5 Nilai Bela Negara: Logika Simpel Tanpa Hafalan
Bela Negara Nggak Harus Perang

Sering kali, begitu denger kata "Bela Negara", yang terlintas di pikiran kita adalah angkat senjata, pakai seragam militer, atau ikut perang ke medan tempur. Pemikiran kayak gini wajar, tapi bikin konsep bela negara kerasa kaku dan jauh dari kehidupan kita sehari-hari.
Nyatanya, bagi kita warga sipil biasa, bela negara itu nggak melulu soal militer. Bela negara adalah mentalitas keseharian—gimana caramu merespons masalah sehari-hari dan bertindak sebagai bagian dari negara ini.
Jadi, bela negara bukan cuma milik tentara, tapi milik kamu yang gigih bekerja, taat aturan, dan nggak gampang nyerah menghadapi masalah hidup.
Berkenalan dengan 4 Pilar Pertama
Sebelum kita bedah soal tadi, mari kita bentuk dulu kerangka berpikirnya. Kelima Nilai Dasar Bela Negara ini sering bikin bingung karena kalimatnya mirip-mirip. Padahal, tiap nilai punya satu "nyawa" atau kata kunci utama yang membedakannya secara tegas.
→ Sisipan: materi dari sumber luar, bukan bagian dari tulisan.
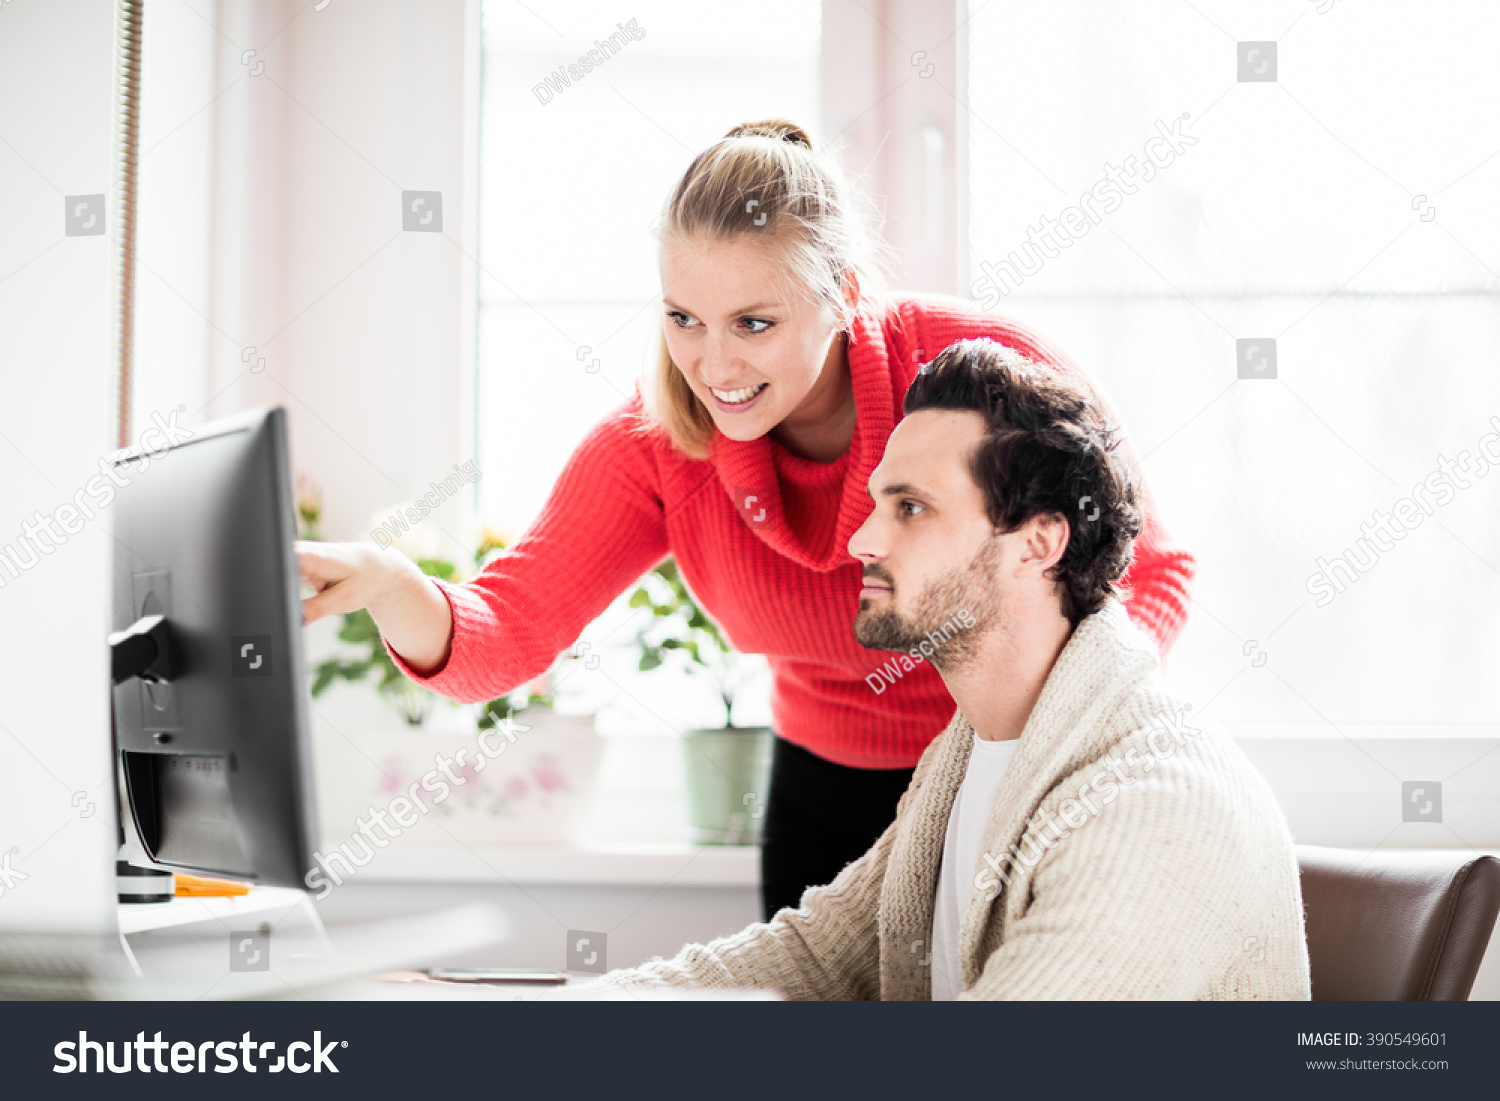 Couple working in home office with phone and computer #390549601

Mari kita kenalan dengan 4 nilai yang pertama pakai bahasa keseharian:
Cinta Tanah Air Intinya adalah kebanggaan. Kamu merasa Indonesia ini milikmu. Contoh: Bangga pakai baju batik, lebih milih beli produk UMKM lokal, atau menjaga kebersihan fasilitas umum.
Kesadaran Berbangsa & Bernegara Intinya adalah disiplin pada aturan kolektif. Kamu sadar kamu hidup bareng orang lain dalam suatu sistem. Contoh: Taat rambu lalu lintas, ikut nyoblos pas Pemilu, bayar pajak tepat waktu, dan rukun sama tetangga.
Setia kepada Pancasila sebagai Ideologi Negara Intinya adalah ideologi dan toleransi. Kamu pakai prinsip Pancasila buat ngambil keputusan. Contoh: Menghargai teman yang beda agama, atau ngadain musyawarah mufakat buat milih ketua RT.
Rela Berkorban untuk Bangsa dan Negara Intinya adalah mengalahkan ego pribadi. Kepentingan orang banyak di atas kepentinganmu. Contoh: Relawan bencana alam yang rela ninggalin liburan demi bantu orang, atau menyumbangkan tenaga dan pikiran tanpa pamrih.
Pilar Ke-5: Mental Baja Pantang Menyerah

Sekarang kita masuk ke pilar kelima, sekaligus jawaban dari soal yang kamu kerjakan tadi: Semangat mewujudkan negara yang berdaulat, adil, dan makmur.
Kalimatnya memang lumayan panjang dan terkesan sangat "birokratis". Tapi kalau kita peras intisarinya, pilar kelima ini identik dengan daya juang (resiliensi), kerja keras, dan penolakan untuk putus asa saat menghadapi masalah.
Kenapa pantang menyerah masuk ke ranah bela negara? Bayangkan kalau sebagian besar warga negara gampang patah semangat saat kena musibah, krisis ekonomi, atau masalah sosial. Negaranya pasti akan jalan di tempat, loyo, dan nggak akan pernah mencapai status "makmur".
Sikap nggak gampang nyerah saat ada masalah hidup, entah masalah pribadi yang berdampak sosial atau masalah bernegara, adalah bukti nyata dari pilar ini. Energi dan fighting spirit warganyalah yang bikin negara berdaulat dan makmur. Itulah kenapa "Tidak berputus asa ketika menghadapi persoalan..." di soal tadi adalah cerminan langsung dari nilai yang kelima ini.
Seorang pengusaha muda yang usahanya sempat bangkrut akibat pandemi memilih untuk tidak putus asa. Ia bekerja keras membangun kembali usahanya dari nol untuk menciptakan lapangan kerja bagi warga sekitar. Sikap ini paling mencerminkan nilai bela negara...
- A. Cinta tanah air
- B. Kesadaran berbangsa dan bernegara
- C. Semangat mewujudkan negara yang berdaulat, adil, dan makmur
- D. Setia kepada Pancasila
Jawaban: C. Semangat mewujudkan negara yang berdaulat, adil, dan makmur
Kata kunci 'bekerja keras' dan 'berusaha bangkit dari kegagalan' (resiliensi) adalah wujud nyata dari nilai semangat mewujudkan negara yang makmur.
Semangat mewujudkan negara makmur berfokus pada ketangguhan mental, resiliensi, dan pantang menyerah.